• Assignment: Restate the data below word for word. Leave the images out.

• Source data:
□ □ □ □ □ □ □

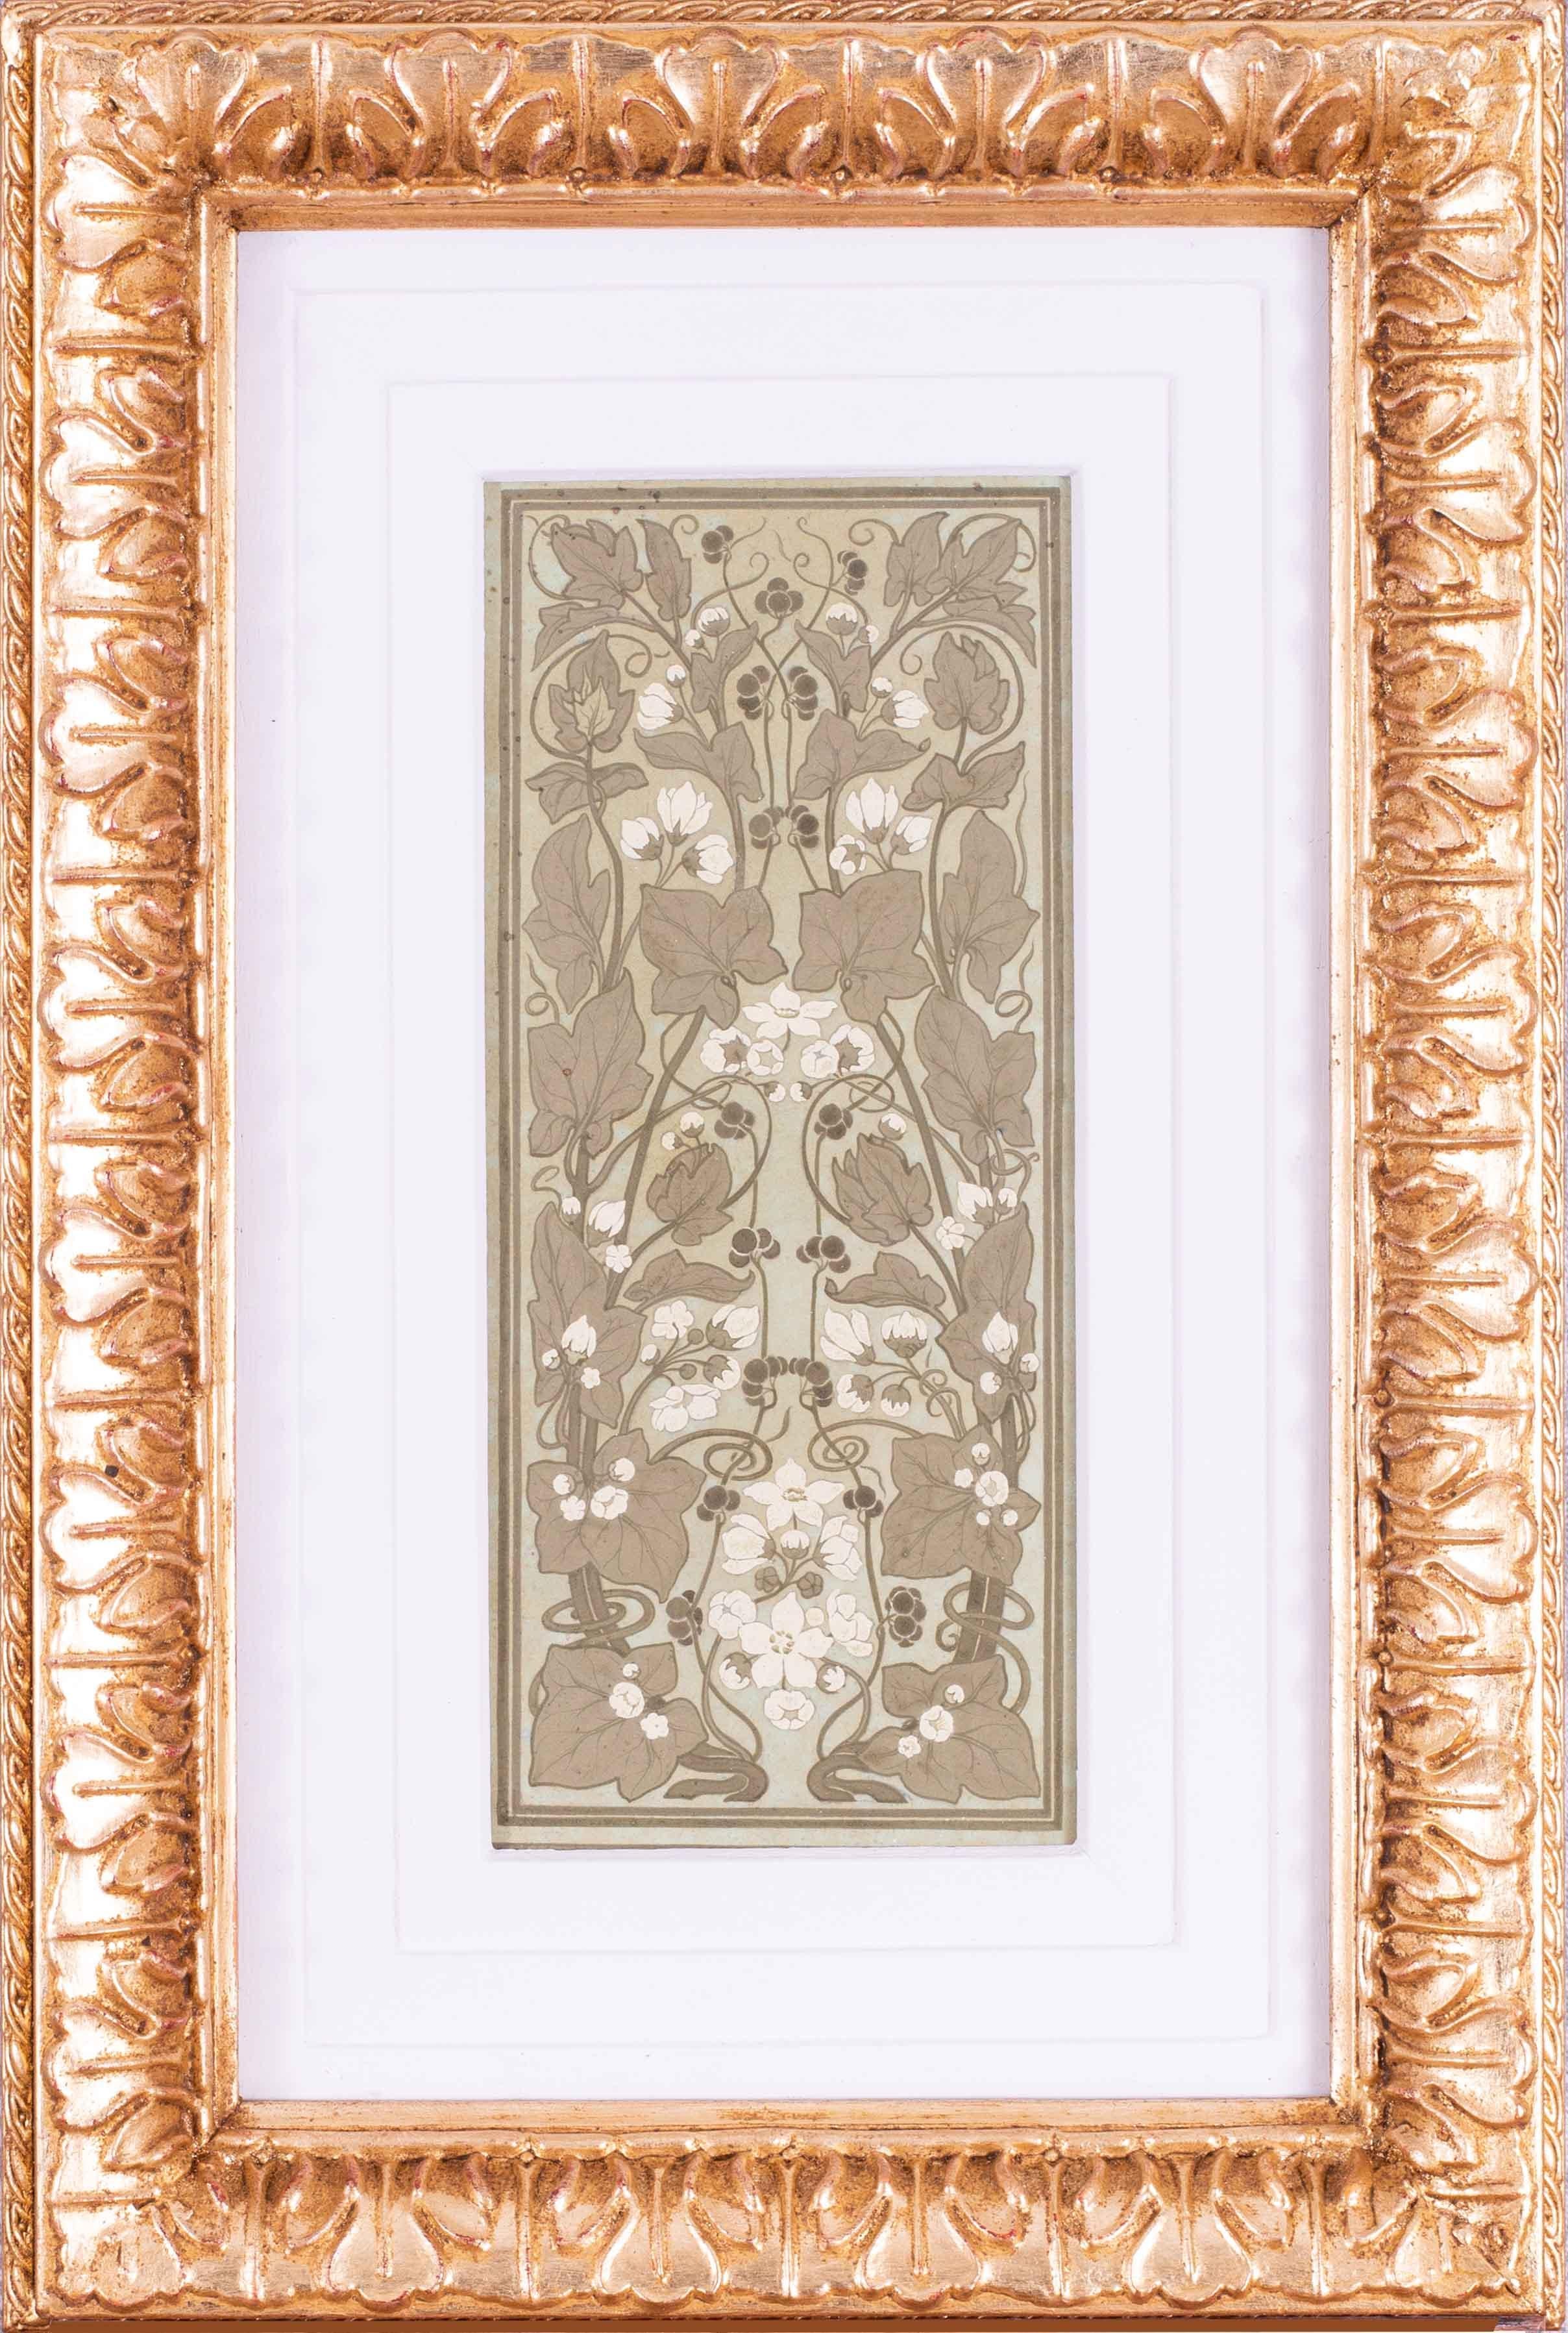 Motif oblong représentant du lierre en fleurs, réalisé par un artiste britannique du début du 20e siècle.
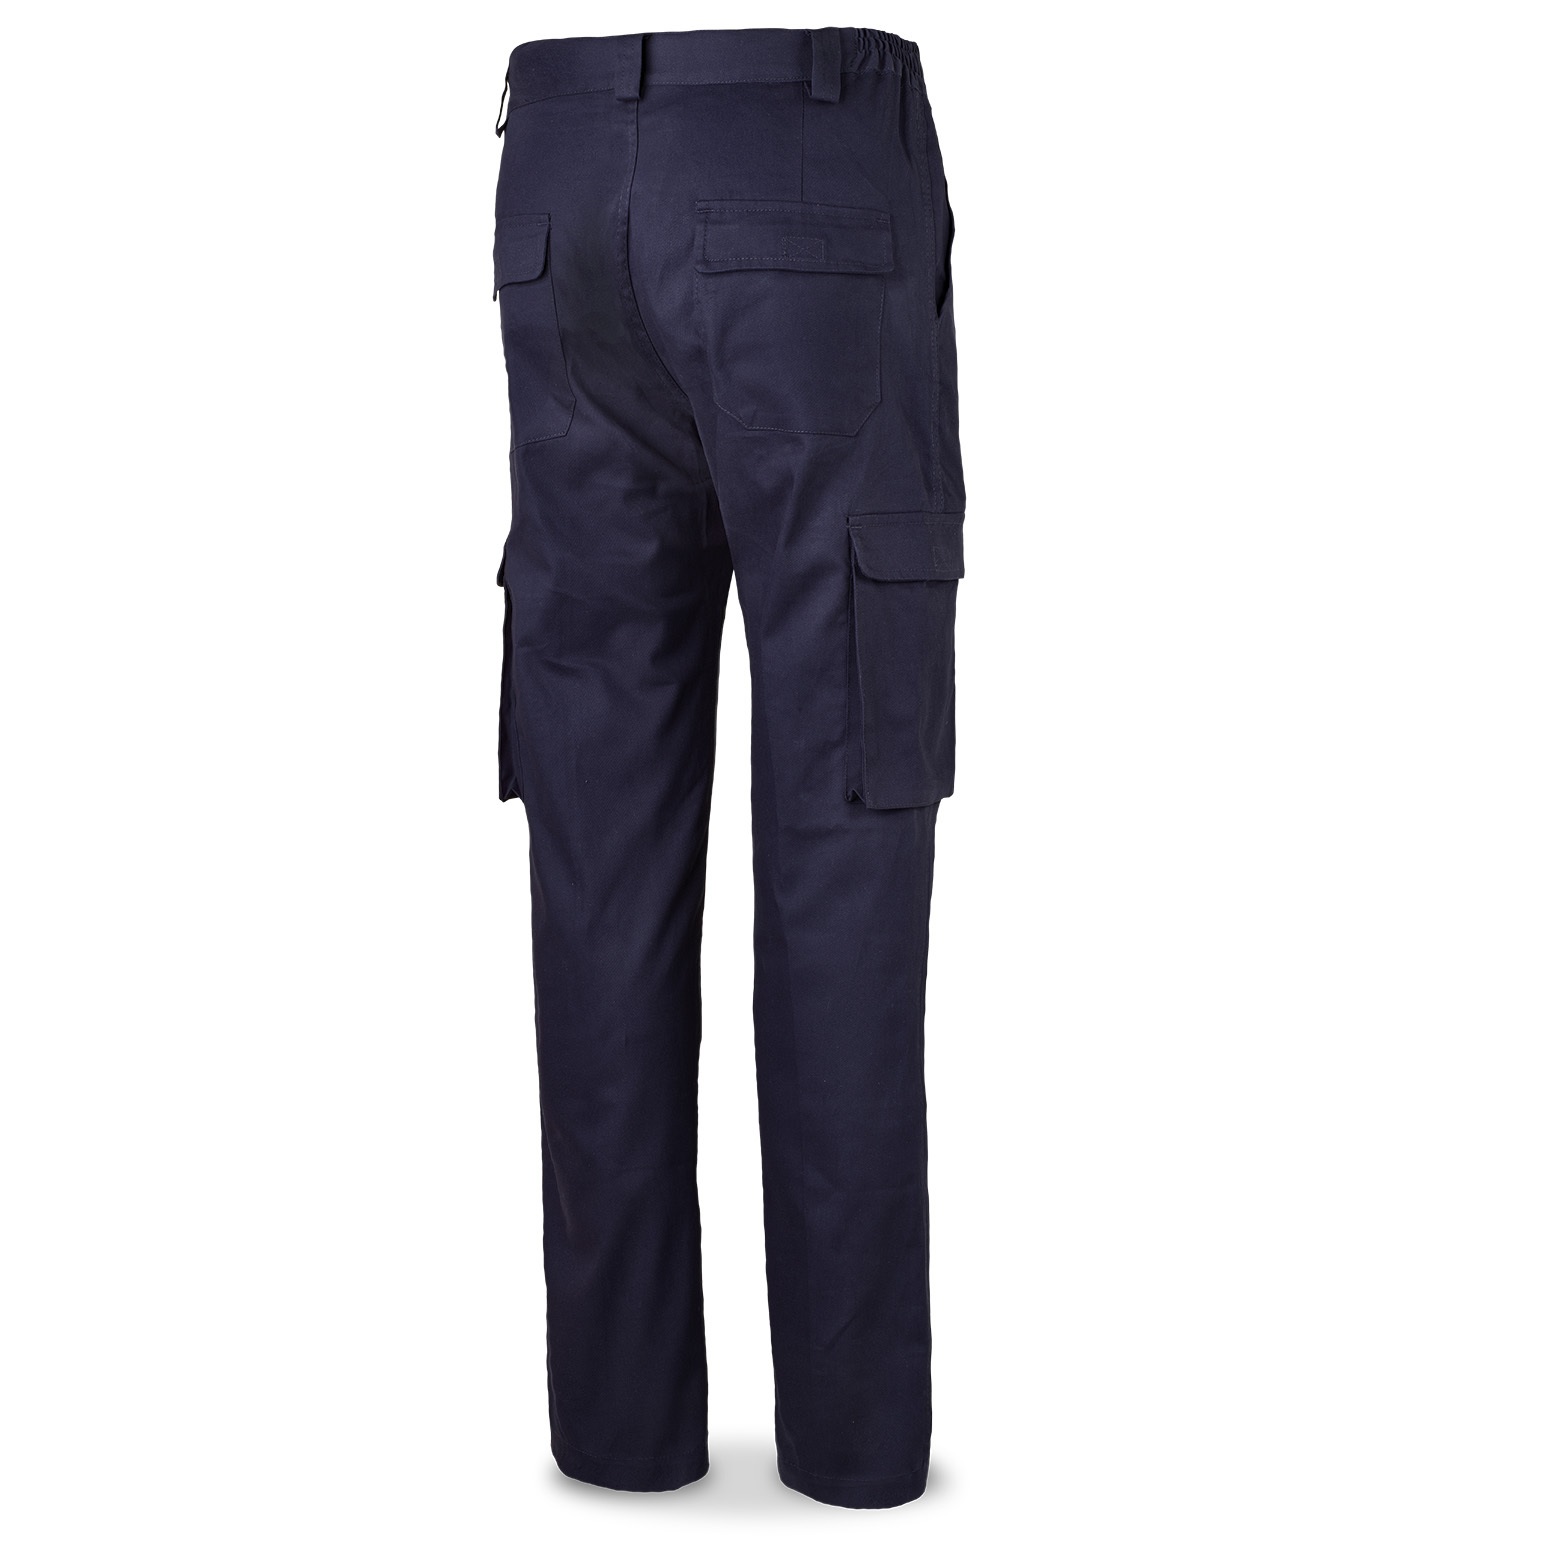 Pantalones de trabajo elásticos Jobman Workwear 2191
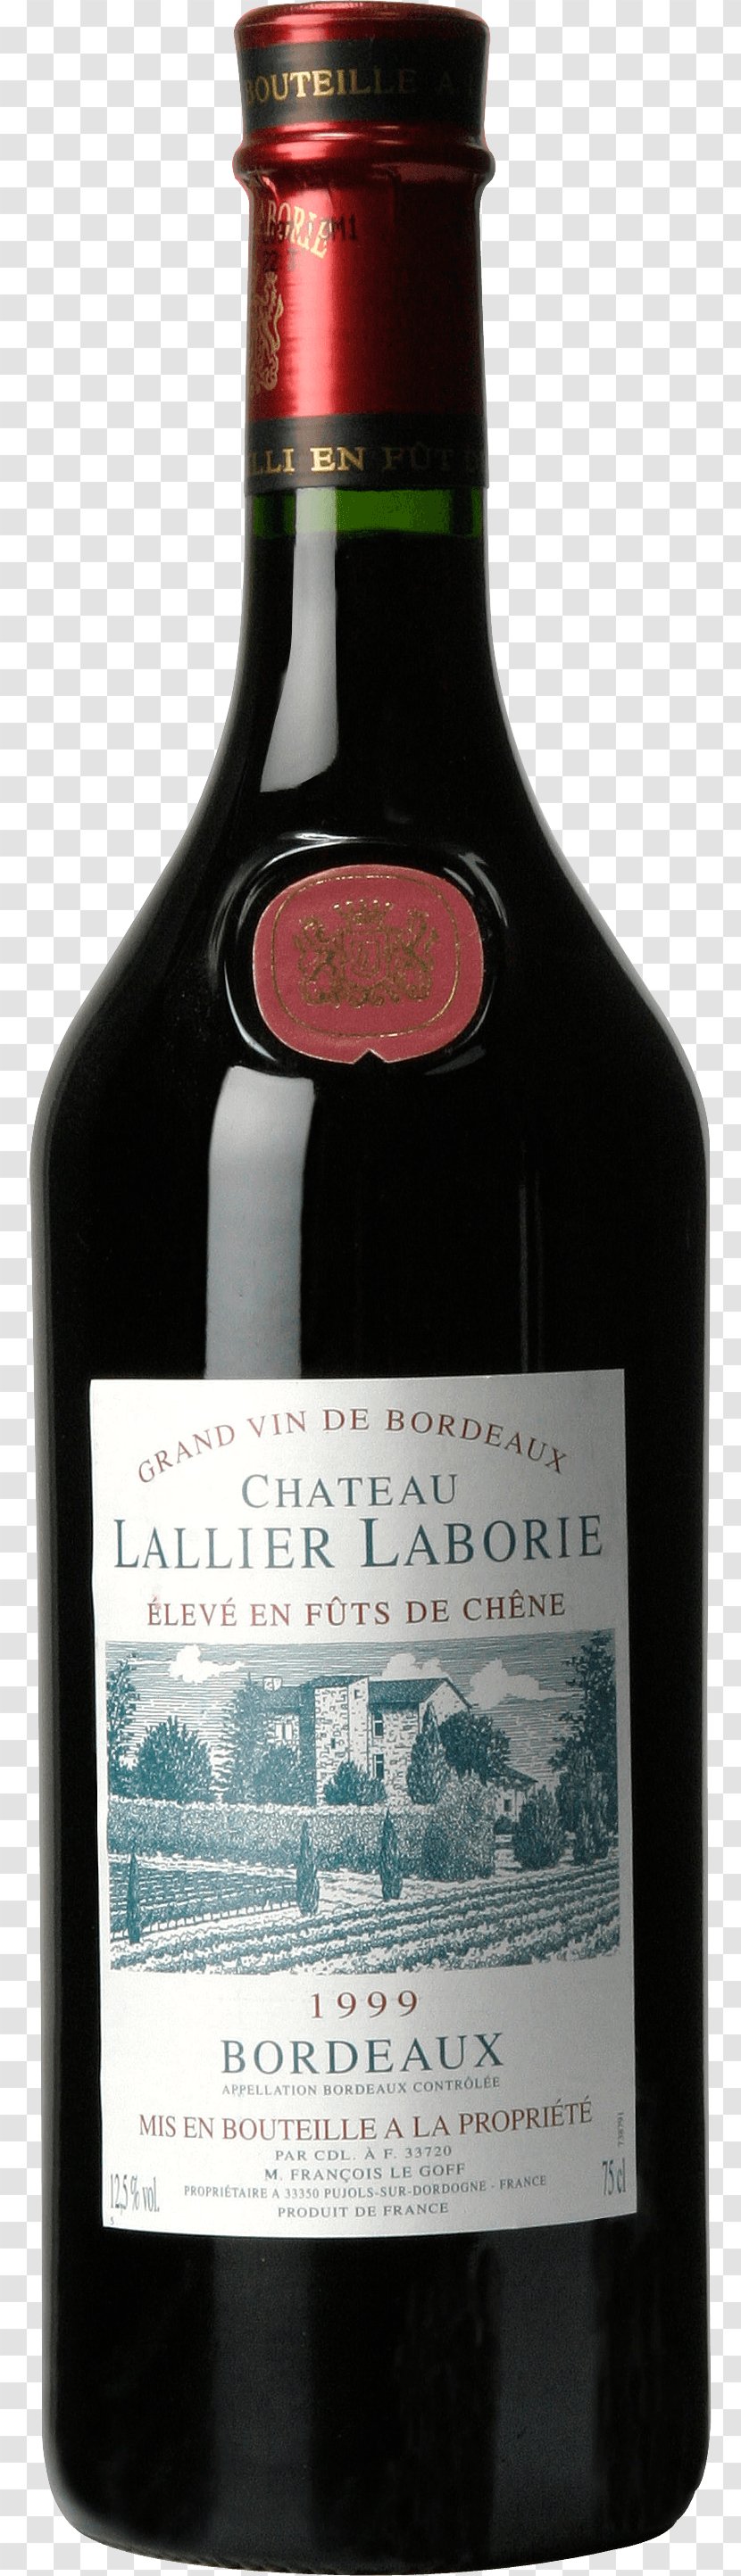 Wine Bottle Clip Art - Alcoholic Beverage - Image Transparent PNG

□ □ □ □ □ □ □

• Task result:
 Motif oblong représentant du lierre en fleurs, réalisé par un artiste britannique du début du 20e siècle.
 Pantalones de trabajo elásticos Jobman Workwear 2191
 Wine Bottle Clip Art - Alcoholic Beverage - Image Transparent PNG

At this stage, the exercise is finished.